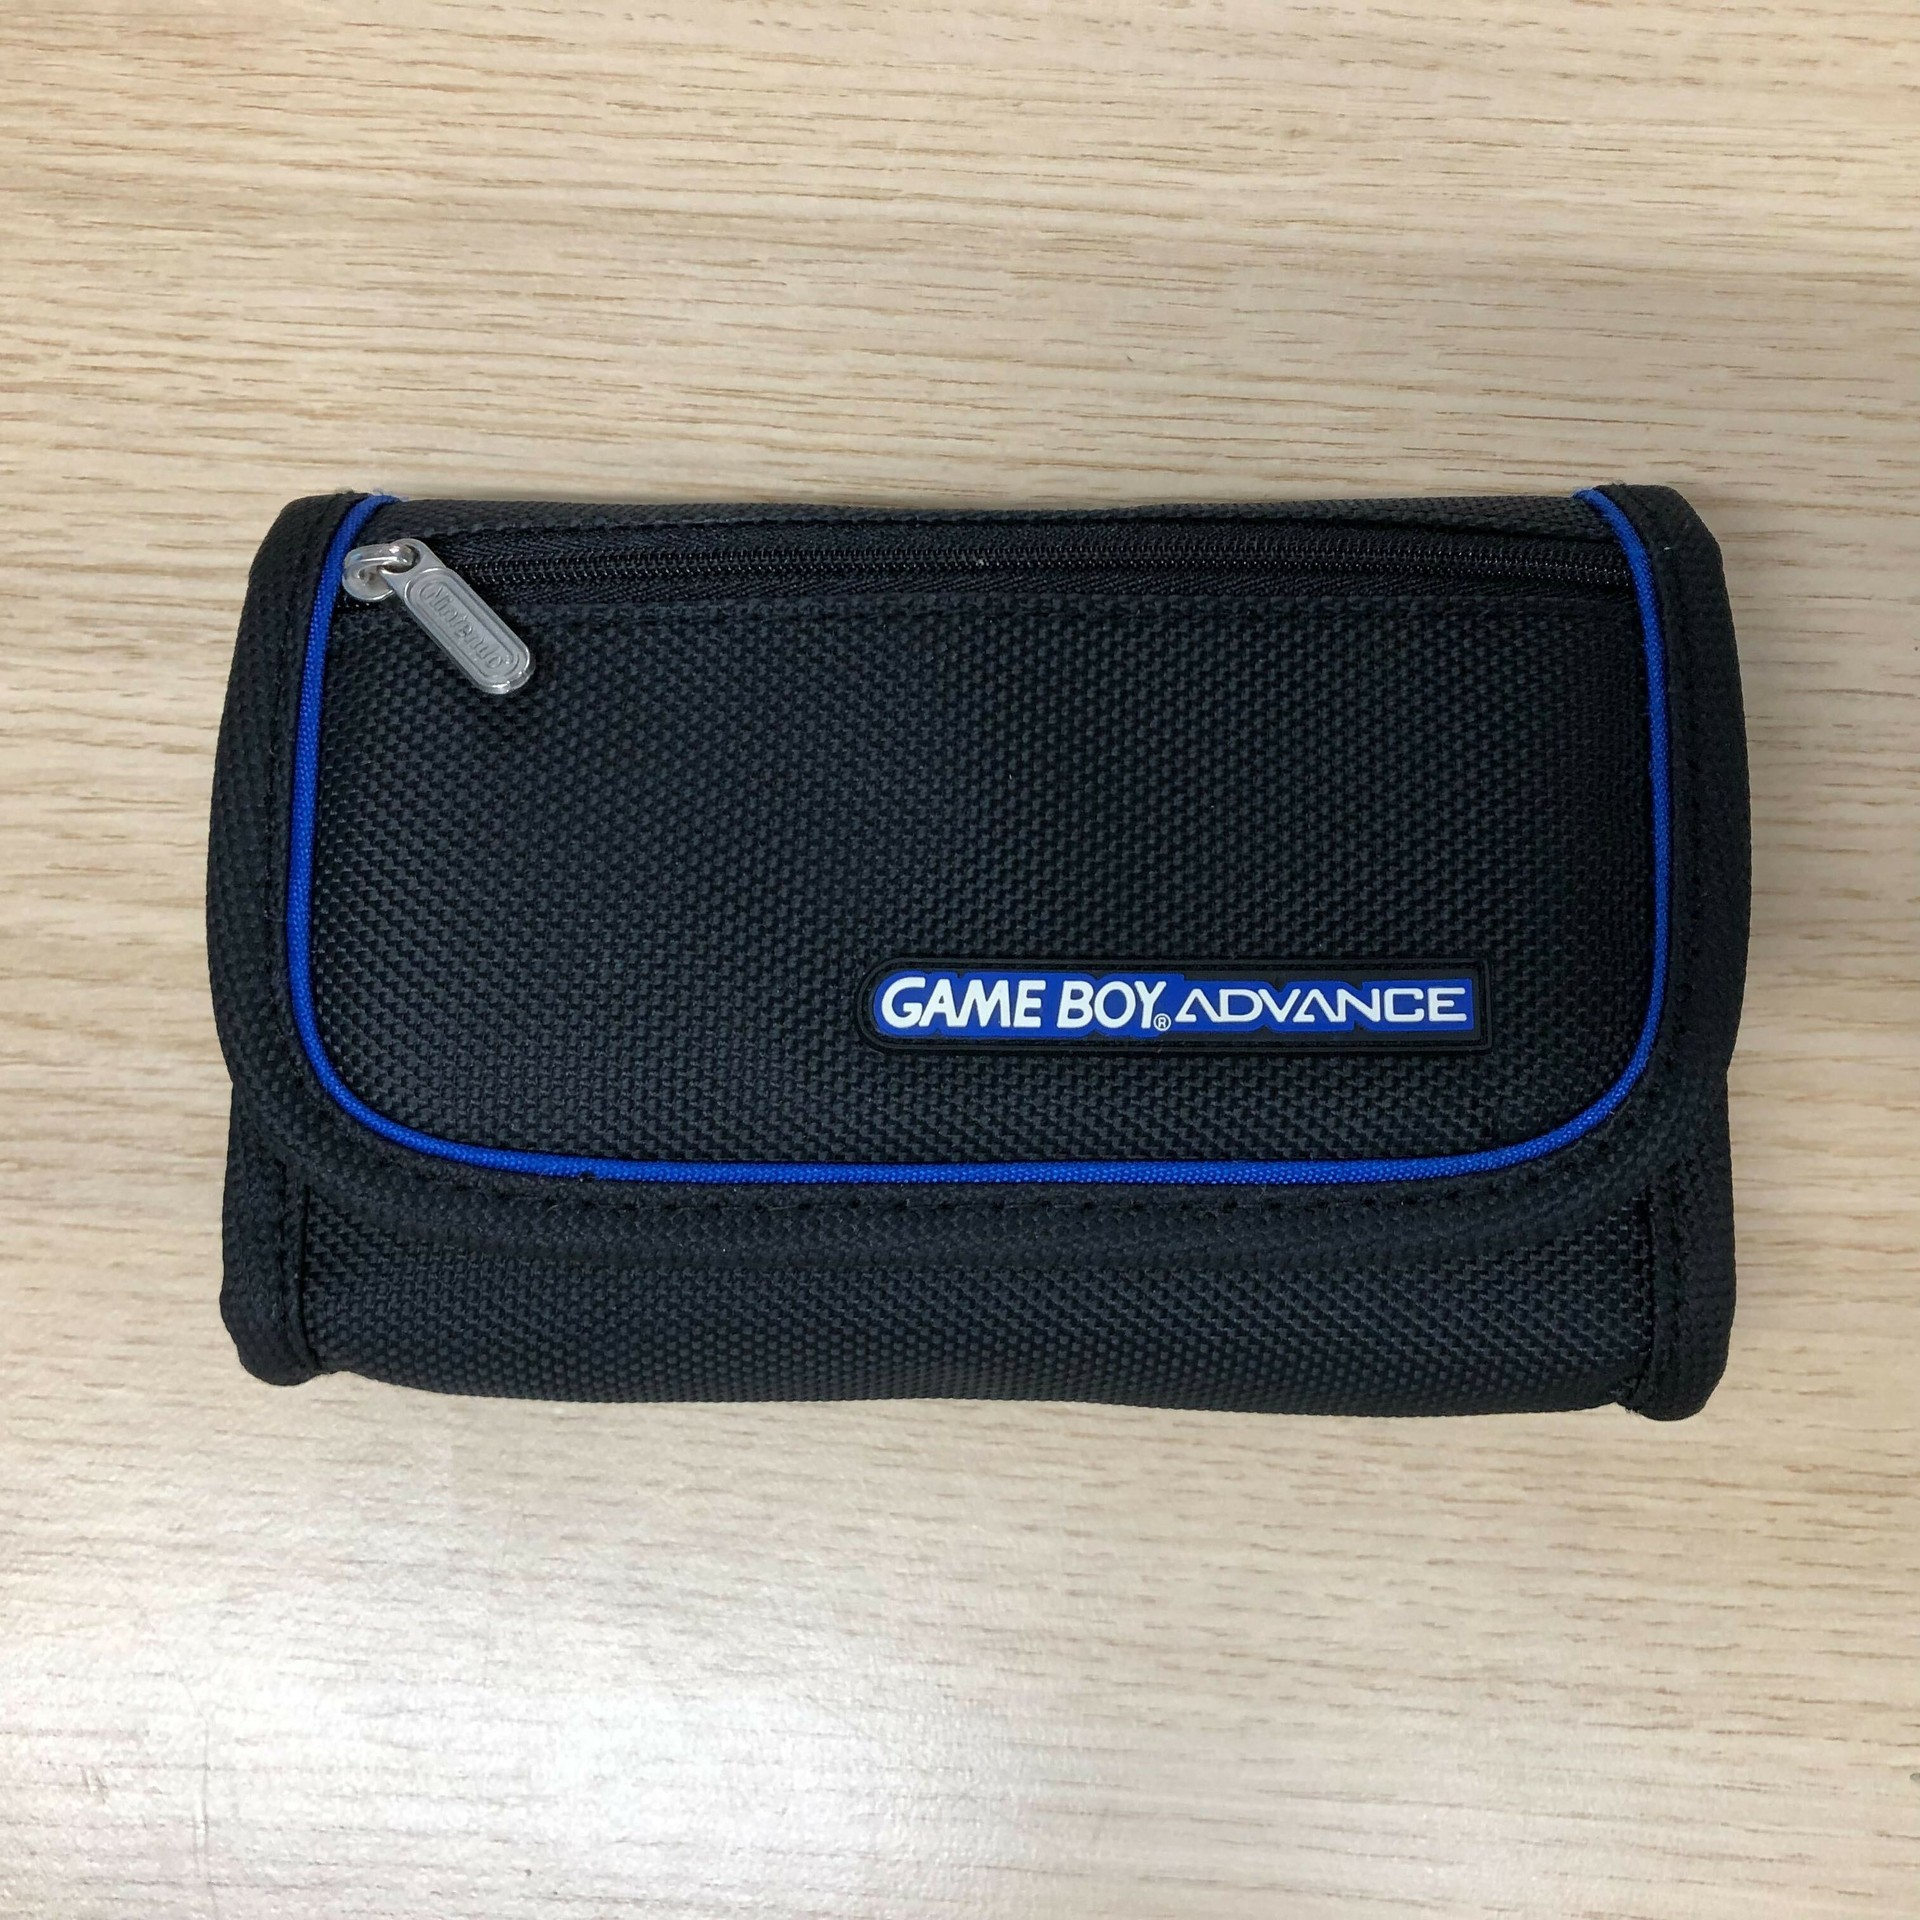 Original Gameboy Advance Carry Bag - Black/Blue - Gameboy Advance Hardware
---
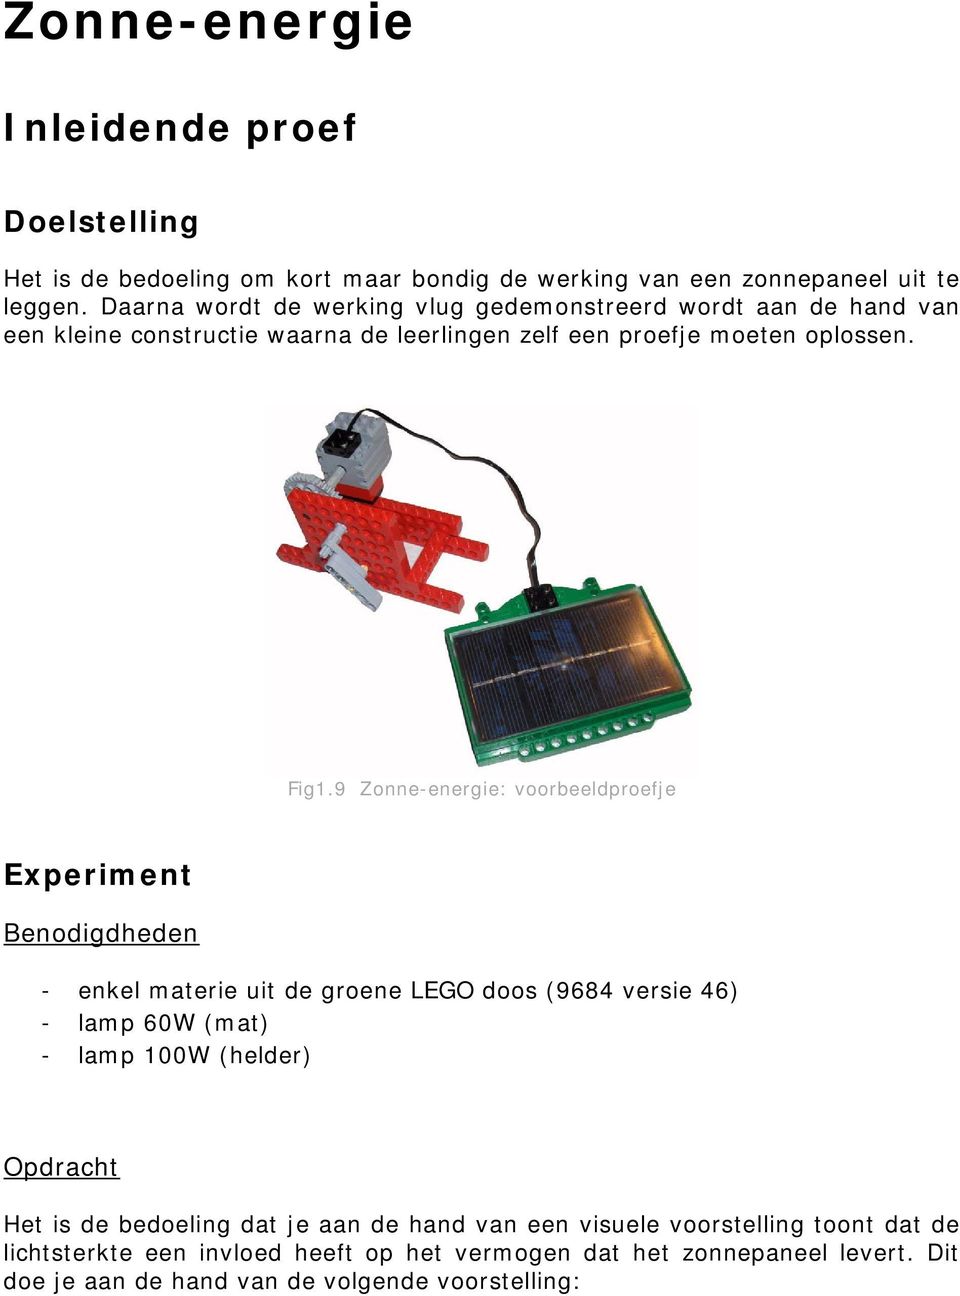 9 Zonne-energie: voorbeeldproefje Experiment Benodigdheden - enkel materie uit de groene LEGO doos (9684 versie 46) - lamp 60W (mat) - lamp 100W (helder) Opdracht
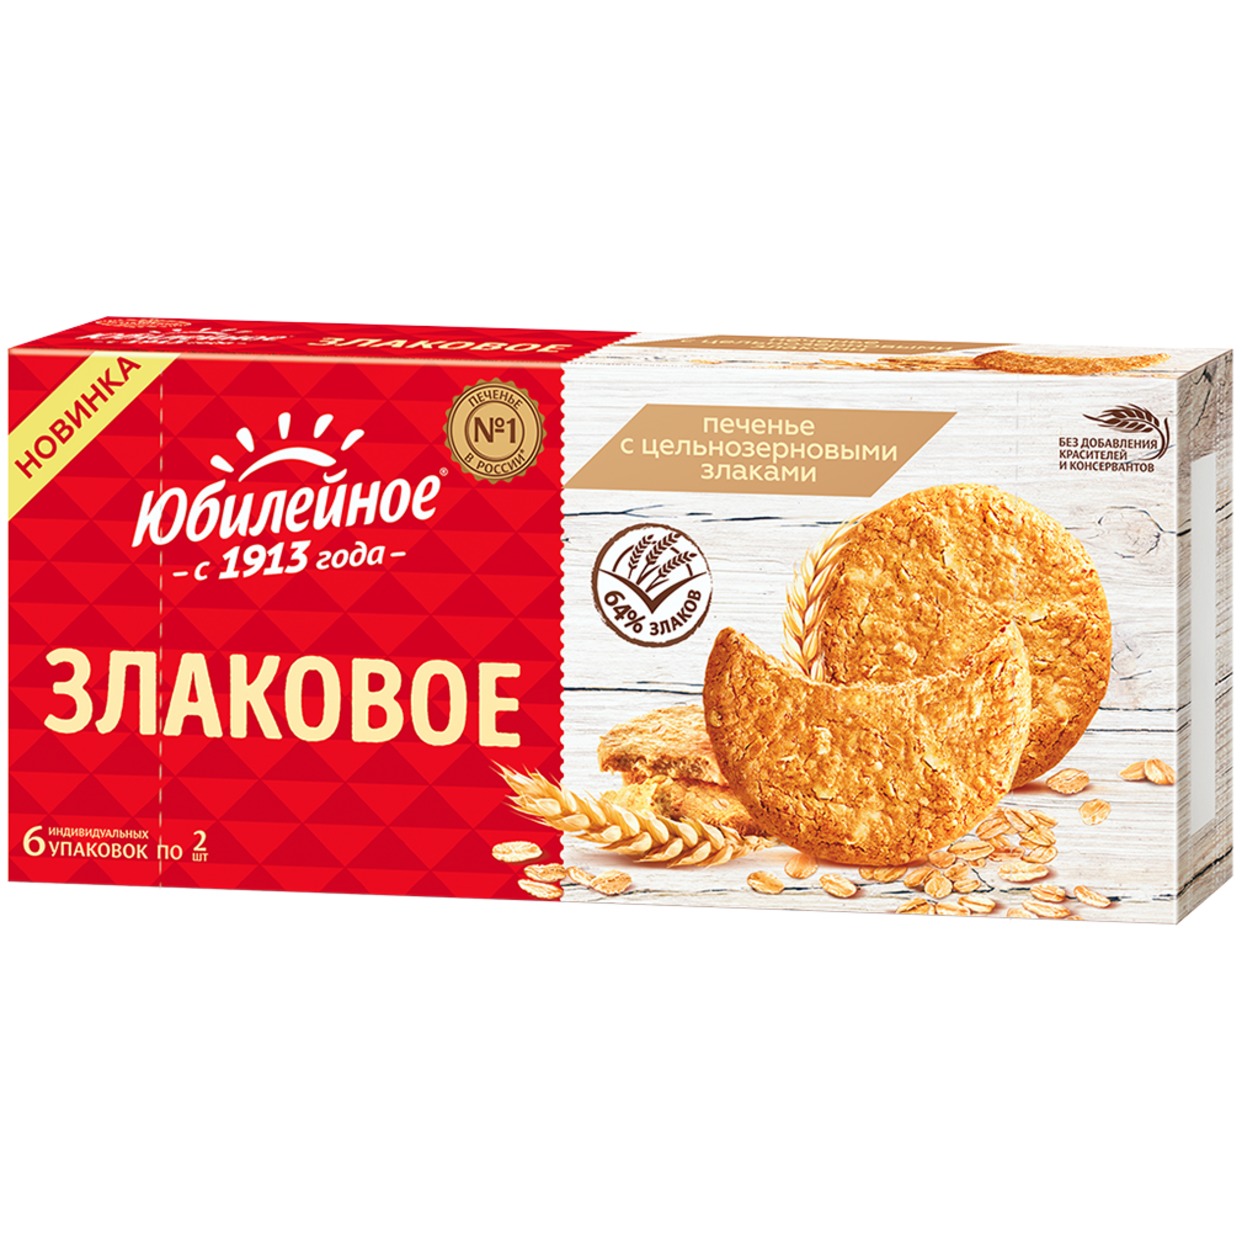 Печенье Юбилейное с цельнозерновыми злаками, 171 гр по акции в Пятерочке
--
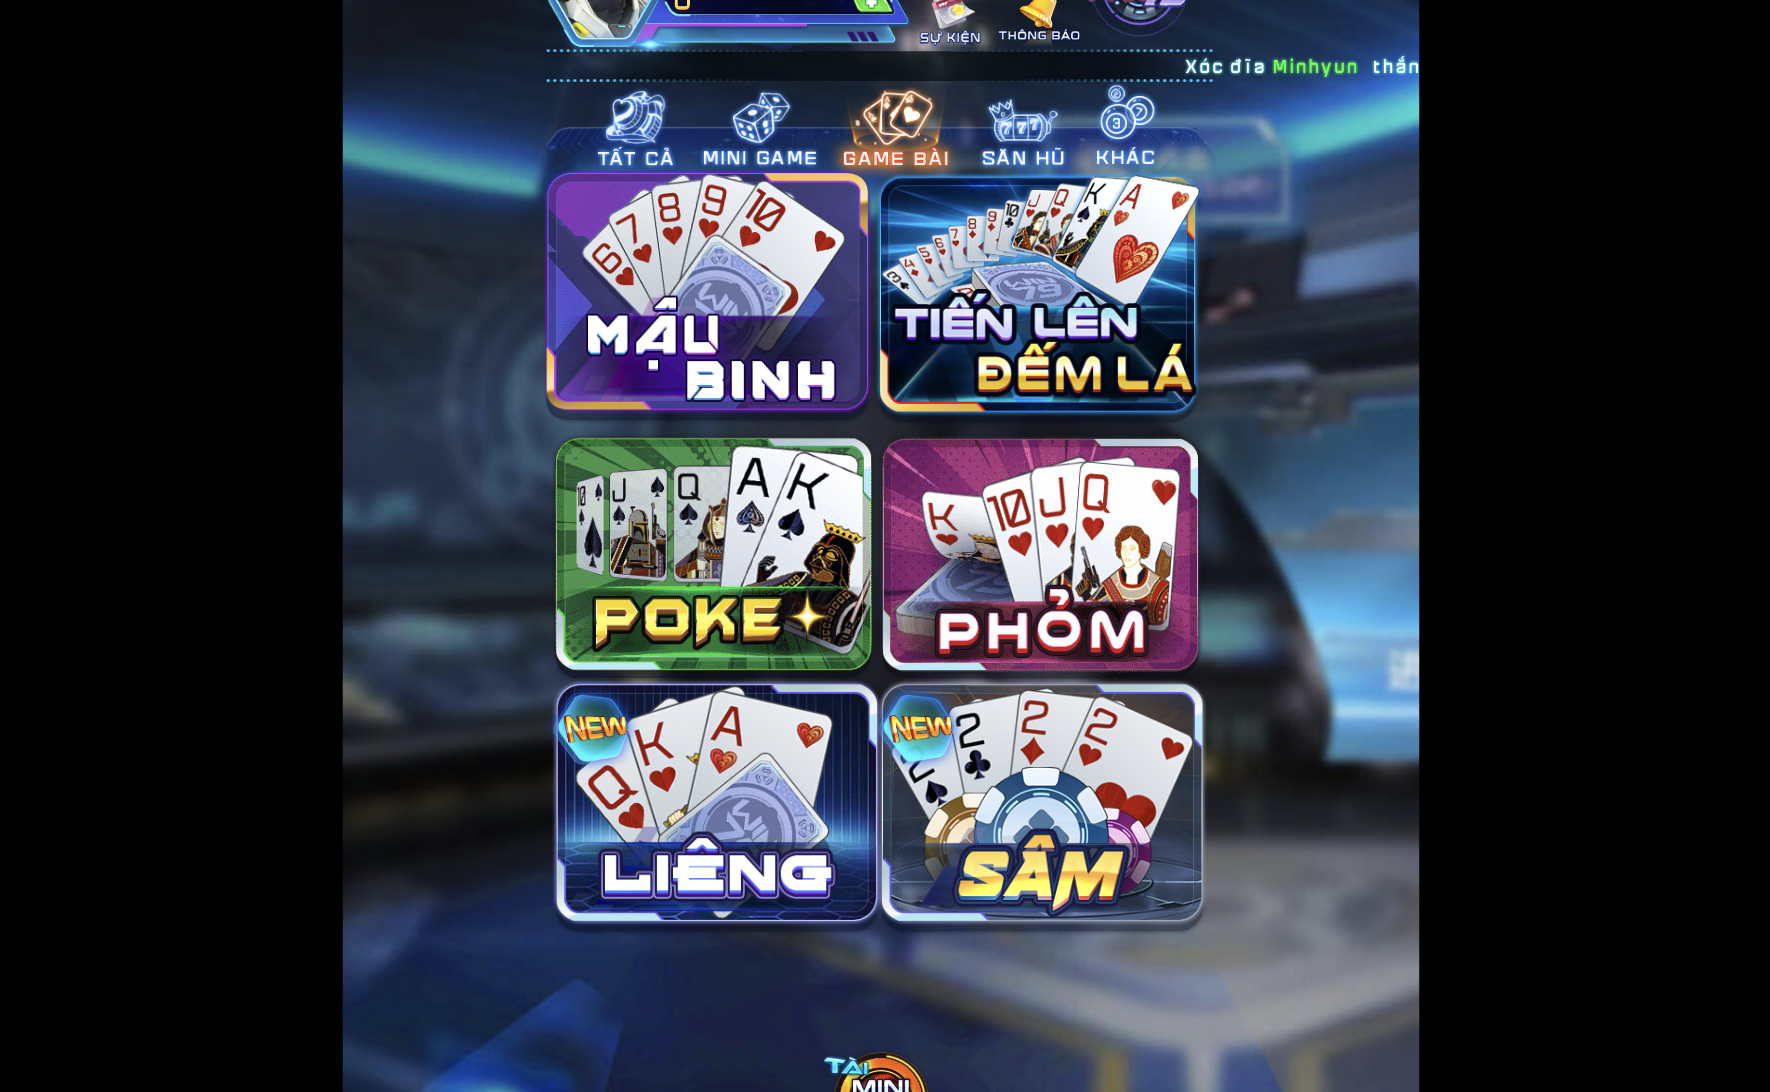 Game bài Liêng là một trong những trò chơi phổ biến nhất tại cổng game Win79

# TASK DESCRIPTION
In the listing above, find the line containing "9 Zonne-energie: voorbeeldproefje" and the line containing "Печенье Юбилейное с", then output those two lines and everything between them exactly as written, without the images.

# EXERCISE RESPONSE
 9 Zonne-energie: voorbeeldproefje Experiment Benodigdheden - enkel materie uit de groene LEGO doos (9684 versie 46) - lamp 60W (mat) - lamp 100W (helder) Opdracht
 Печенье Юбилейное с цельнозерновыми злаками, 171 гр по акции в Пятерочке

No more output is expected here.